# Zombie-n-snow



## dubbax3 (Jan 22, 2008)

We were SO lucky to get a little snow this year


----------



## tcass01 (Aug 20, 2010)

bbbbbrbrrrrrrrrrrrrrrr.


----------



## MapThePlanet (Nov 12, 2010)

looks like you got a little frost on your pumpkin


----------



## QueenRuby2002 (Oct 23, 2011)

Ah man I'll stop complaining about the inch we got now.


----------



## dubbax3 (Jan 22, 2008)

QueenRuby2002 said:


> Ah man I'll stop complaining about the inch we got now.


I'm not complaining about the last inch its just the 20 before that upsets me.


----------



## Spooky1 (Aug 25, 2008)

Night of the sledding dead.


----------



## RoxyBlue (Oct 6, 2008)

LOL, these guys look wonderful in their snow suits


----------



## QueenRuby2002 (Oct 23, 2011)

Spooky1 said:


> Night of the sledding dead.


Dang now I want to put a couple of zombies on a sled and stake it on the hill in my yard.
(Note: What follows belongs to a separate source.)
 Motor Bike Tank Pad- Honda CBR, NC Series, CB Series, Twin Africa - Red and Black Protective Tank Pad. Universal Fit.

Put christmas light on it and leave it up for the rest of the holidays.


----------



## Plastic Ninja (Sep 30, 2010)

It should be illegal for it to snow on Halloween.


----------



## dubbax3 (Jan 22, 2008)

plastic ninja said:


> it should be illegal for it to snow on halloween.


agreed!!!!


----------



## halloween71 (Aug 9, 2007)

Makes great pictures tho.


----------



## scareme (Aug 29, 2006)

Wow! That is a lot of snow. Next year you might want to think about an abominable snowman theme.


----------



## MrGrimm (May 19, 2009)

Gah! Seeing snow just sets my teeth on edge! It's too soon!

Is it wrong to cheer for global warming?

Man I was born in the wrong climate!


----------



## JustJimAZ (Aug 19, 2010)

Am I the only one with fond memories of TOT in the snow? Maybe...
Too bad it covers the props, of course.


----------